I only have killed one duck with a slinghsot, now I want to try some duck hunting but the ducks I see are realy far and when I try to approach they fly immediately, do u guys have some experience in hunting ducks? should I try shoot them on the wing or hide myself and wait for them to come close?

Thanks!! SSPT...


----------



## Devil'sRival (May 30, 2014)

I personally wouldn't shoot a duck with a slingshot. You'd have to make a head shot on that size bird as a body hit would just injure it due to the thick feathers. Also if you're in the states its not legal. Lead ammo near water is also a bad idea.


----------



## slingshooterPT (Feb 22, 2014)

Yeah only head or neck shoots, I will not hunt yet, Im just searching for tips


----------



## Lacumo (Aug 18, 2013)

Duck hunting tip = Do it with a 12ga shotgun using steel shot.


----------



## slingshooterPT (Feb 22, 2014)

Thanks Lacumo, so its not a good idea hunting ducks with a slinhshot!!


----------



## shew97 (Feb 13, 2014)

If you do use big lead ammo it will kill big birds with ease


----------



## ShadyBeach (May 28, 2014)

A headshot would kill a duck no problem what so ever. even with smaller ammo. However it's probably illegal in most places.

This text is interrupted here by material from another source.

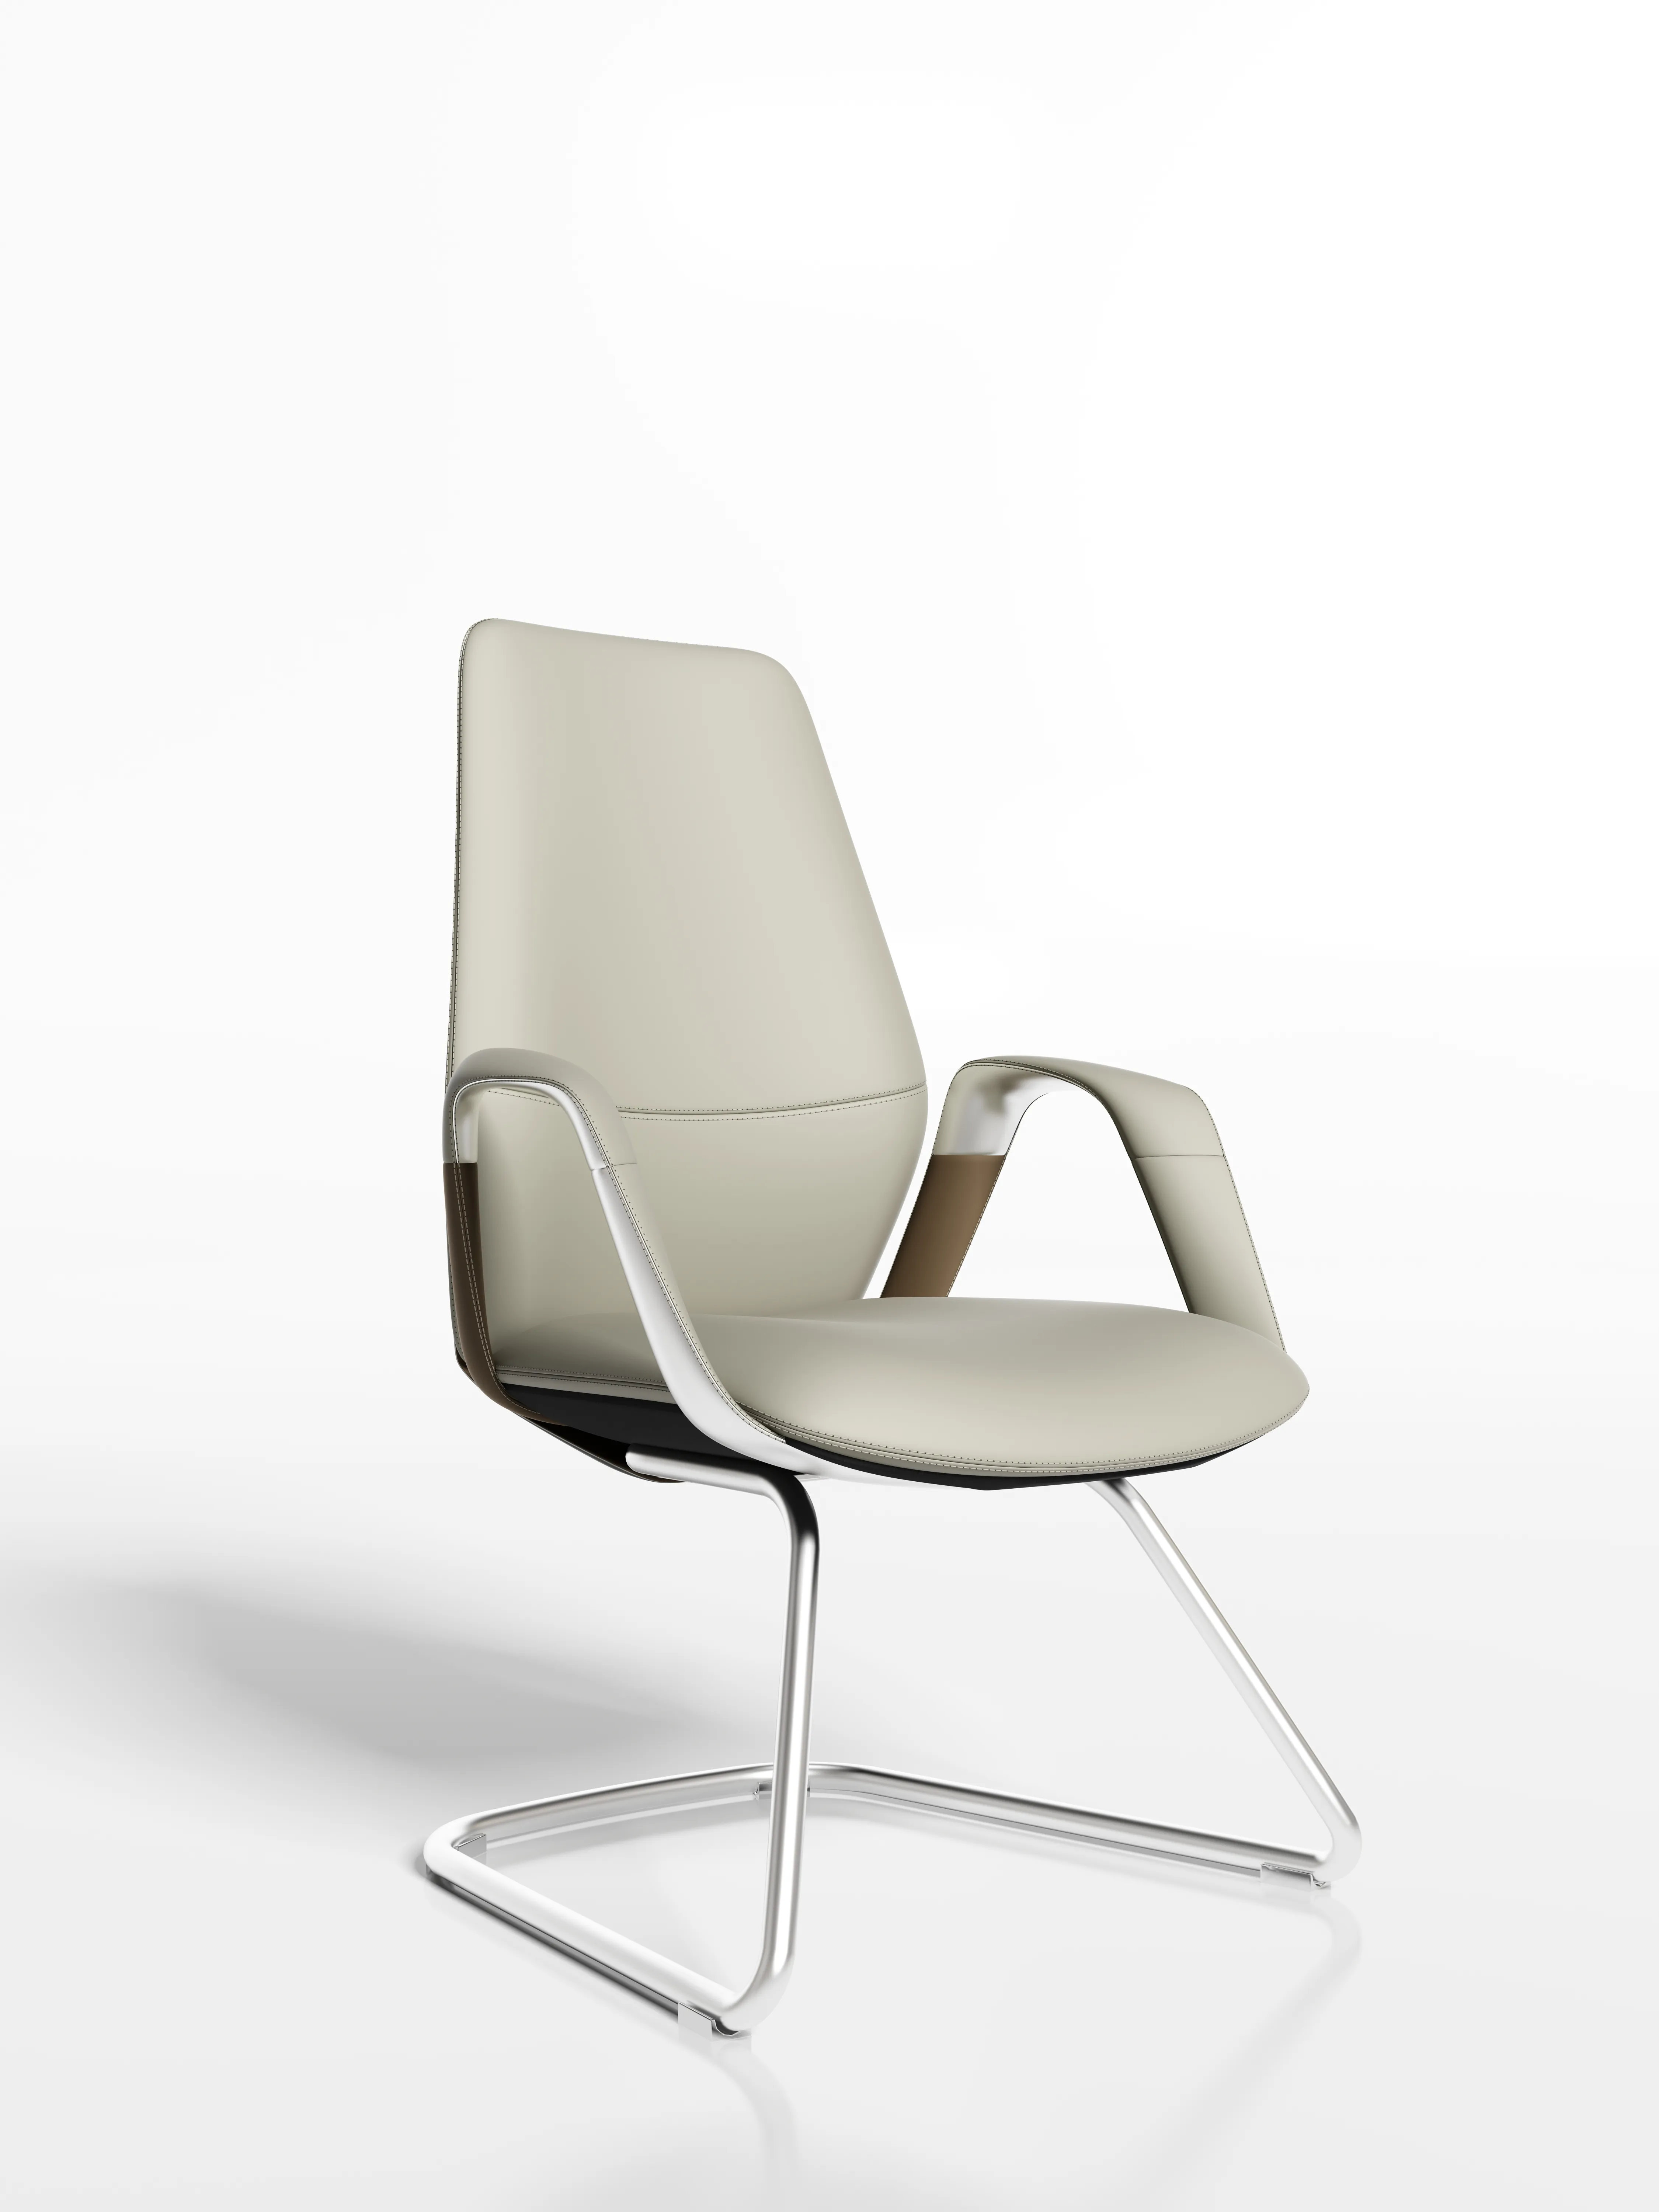 Item H03-A cadeira ceo cadeira de couro de alta qualidade cadeira
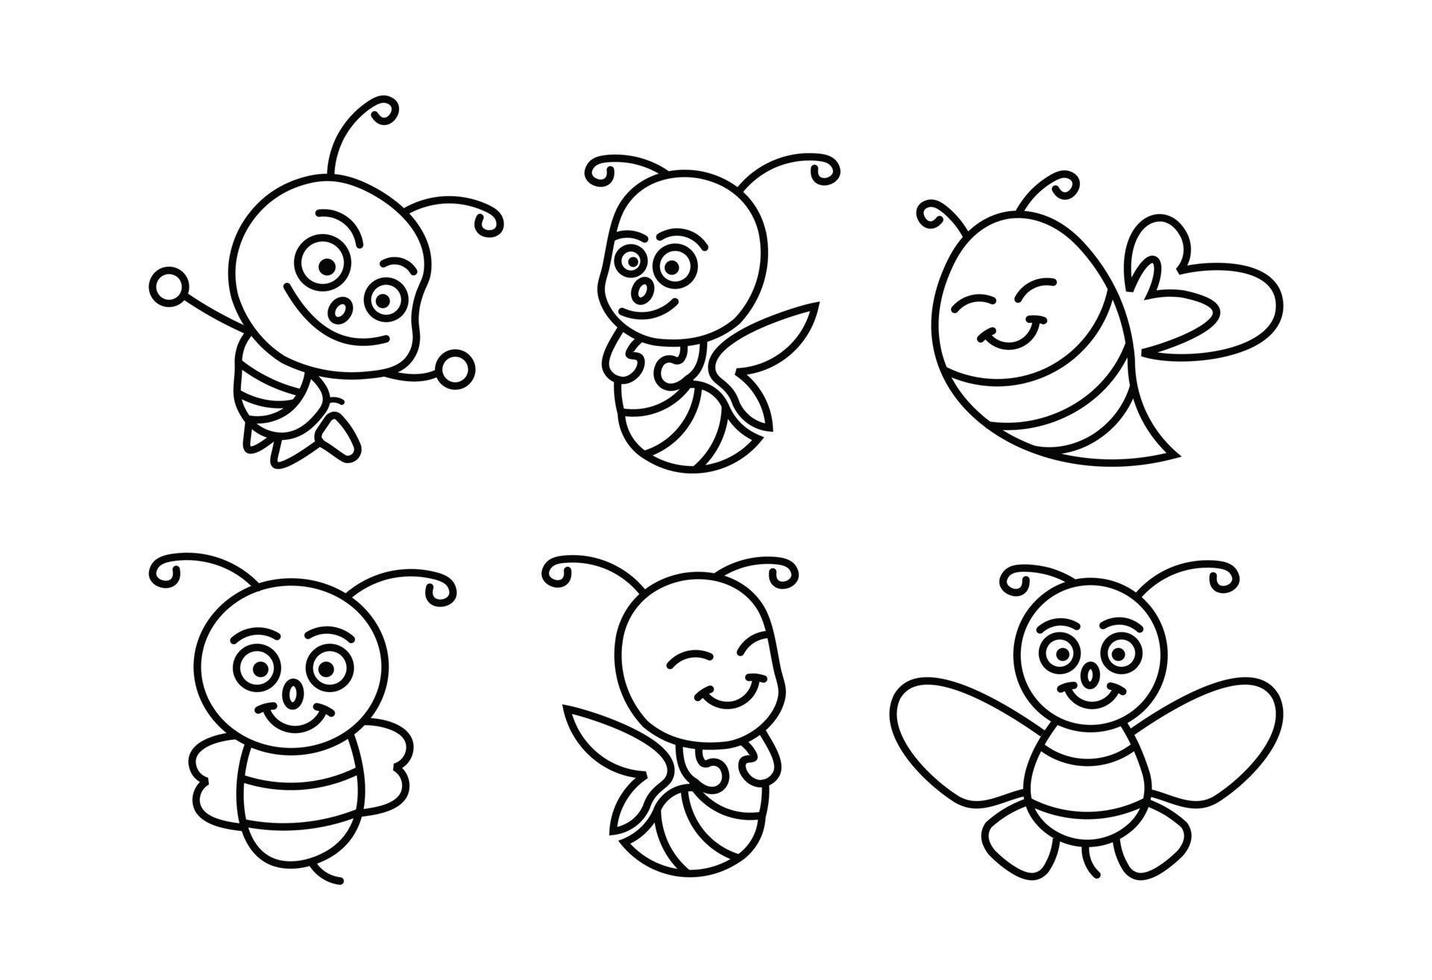 set pictogram lijn van honing en bijen etiketten voor honing logo producten, pictogram vliegende bij vlakke stijl vectorillustratie. vector

If it's not illegal, i'd suggest making a hide or something. Or even train them to be more friendly by throwing them bread often. But then again that's very unsporting.

Brian


----------



## Charles (Aug 26, 2010)

As long as it is legal ... Some sort of blind or hide, decoys on a small farm pond, early morning just at sunup or late evening just before sundown. A duck call would be useful, as long as you know how to use it effectively.

Watch for flights in the morning and in the evening so you can tell where they are going for the night. Position yourself in the main flyways near their feeding ground, using a blind.

Cheers .... Charles


----------



## slingshooterPT (Feb 22, 2014)

Thanks guys!!. I will ser if its legal,and if it is i will set up a blind and try to use q Dick call.i will be using 1inch straight cut TBG and 12mm steel


----------



## youcanthide (Jun 16, 2013)

Obviously the members commenting on why you shouldn't hunt ducks with a catty havent any experience doing it themselves, I've took loads of ducks with marbles and headshots, took a few with lead to the back aswell. There pretty easy to put down actually as long as you hit them in the vitals.


----------



## slingshooterPT (Feb 22, 2014)

Thanks Youcanthide, so as far as I hit them in the vitals with some power they will die!


----------



## Sharpshooter II (Apr 15, 2014)

Just try and be sneaky !


----------



## slingshooterPT (Feb 22, 2014)

yeah sharpshooter II, I will do the best I can


----------